Over the past few years, the government of Cuba has earned praise for an unlikely development: a campaign to improve the status of the island's gays. Standing at the forefront of this effort has been an even unlikelier figure: Mariela Castro Espín, the daughter of Raul Castro, who officially assumed the Cuban presidency last year after his brother Fidel fell ill. The latest entry in this narrative was a largely laudatory profile of Espín in The Advocate, which described her as a "champion" of the island's "gay and transgender community." Espín is director of the Cuban National Center for Sex Education, an organization which, according to its website, promotes "the development of a culture of sexuality that is full, pleasurable, and responsible, as well as to promote the full exercise of sexual rights."

Like most Latin American countries, Cuba has long been marked by regressive policies concerning homosexuality, due largely to a machismo culture that promotes a heroic masculinity portraying gays as weak and ill-suited to positions of leadership, whether in home or government. As Espín herself says, "Homophobia in Cuba is part of what makes you a 'man.'" But while Espín should be praised for her attempt to change Cuban attitudes about homosexuality, her advocacy in this realm ought not disabuse anyone of the fact that she is part and parcel of the architecture of repression that has governed the island for five painful decades.

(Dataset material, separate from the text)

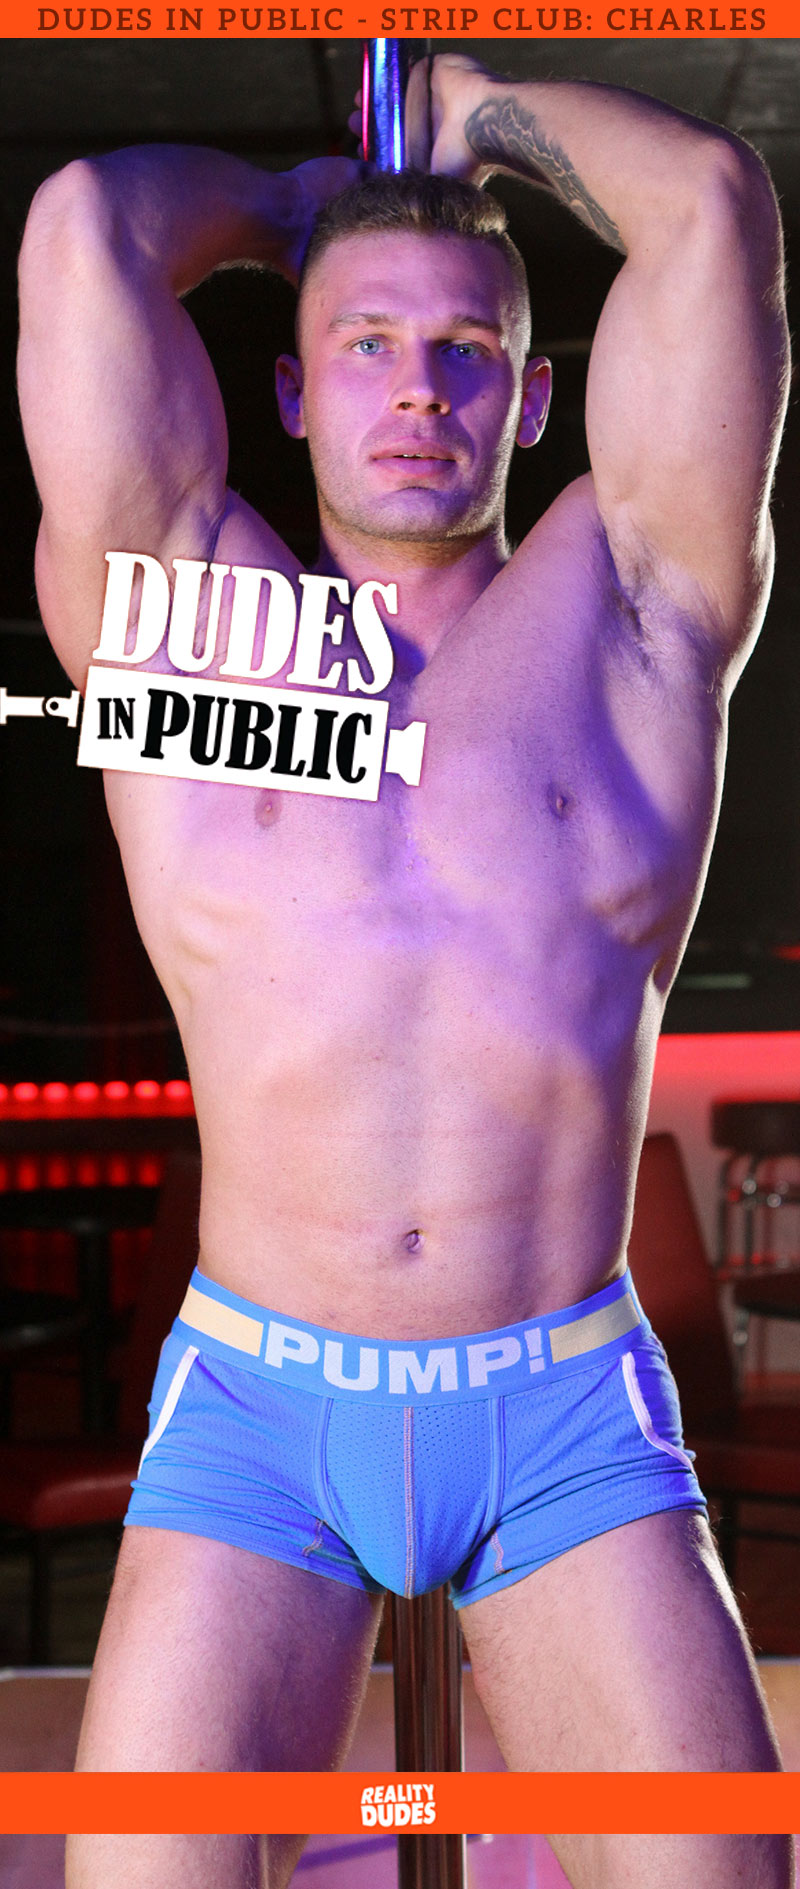 Dudes In Public, Strip Club: Charles
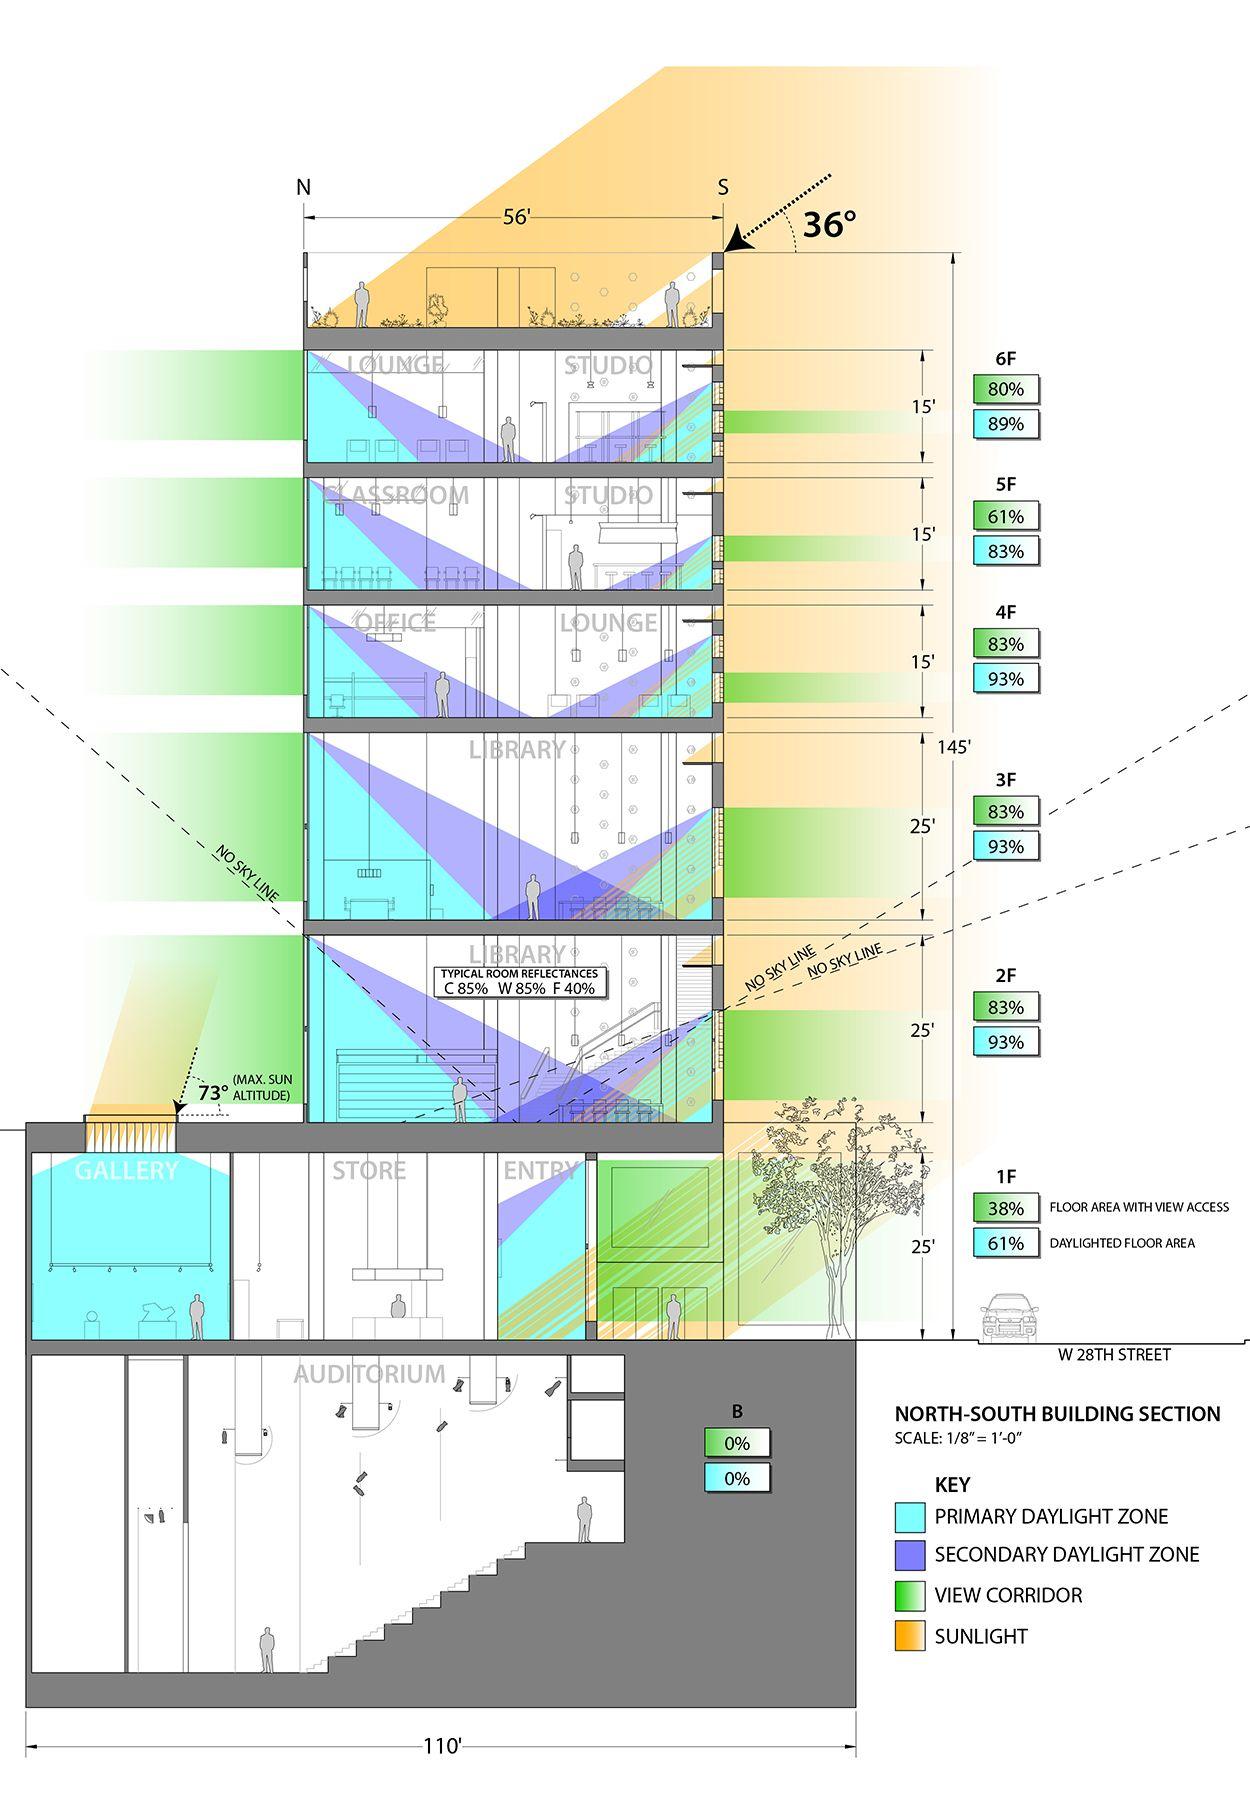 architecture section diagram john deere la105 wiring a lighting design for 24 7 student center

Whatever pleasant sounding pieties she mouths about the dignity of gay people, Espín is a communist, an appellation that ought carry no less opprobrium today than it did before the fall of the Berlin Wall. In Castro's Cuba it's still 1956, the year Soviet tanks crushed a peaceful democratic uprising in Hungary, one of the Cold War's darkest moments. Cuba remains the most repressive country in the Western hemisphere; Freedom House, the international human rights monitoring organization, lists it as the only "unfree" nation in the region (on a scale of one to seven - seven being the worst - Cuba earns a seven for political rights and six for civil liberties). The time warp is evident in a more literal sense: the few cars you'll see on the streets are decades old, except, of course, the late-model Mercedes that chauffeur around the island's elite.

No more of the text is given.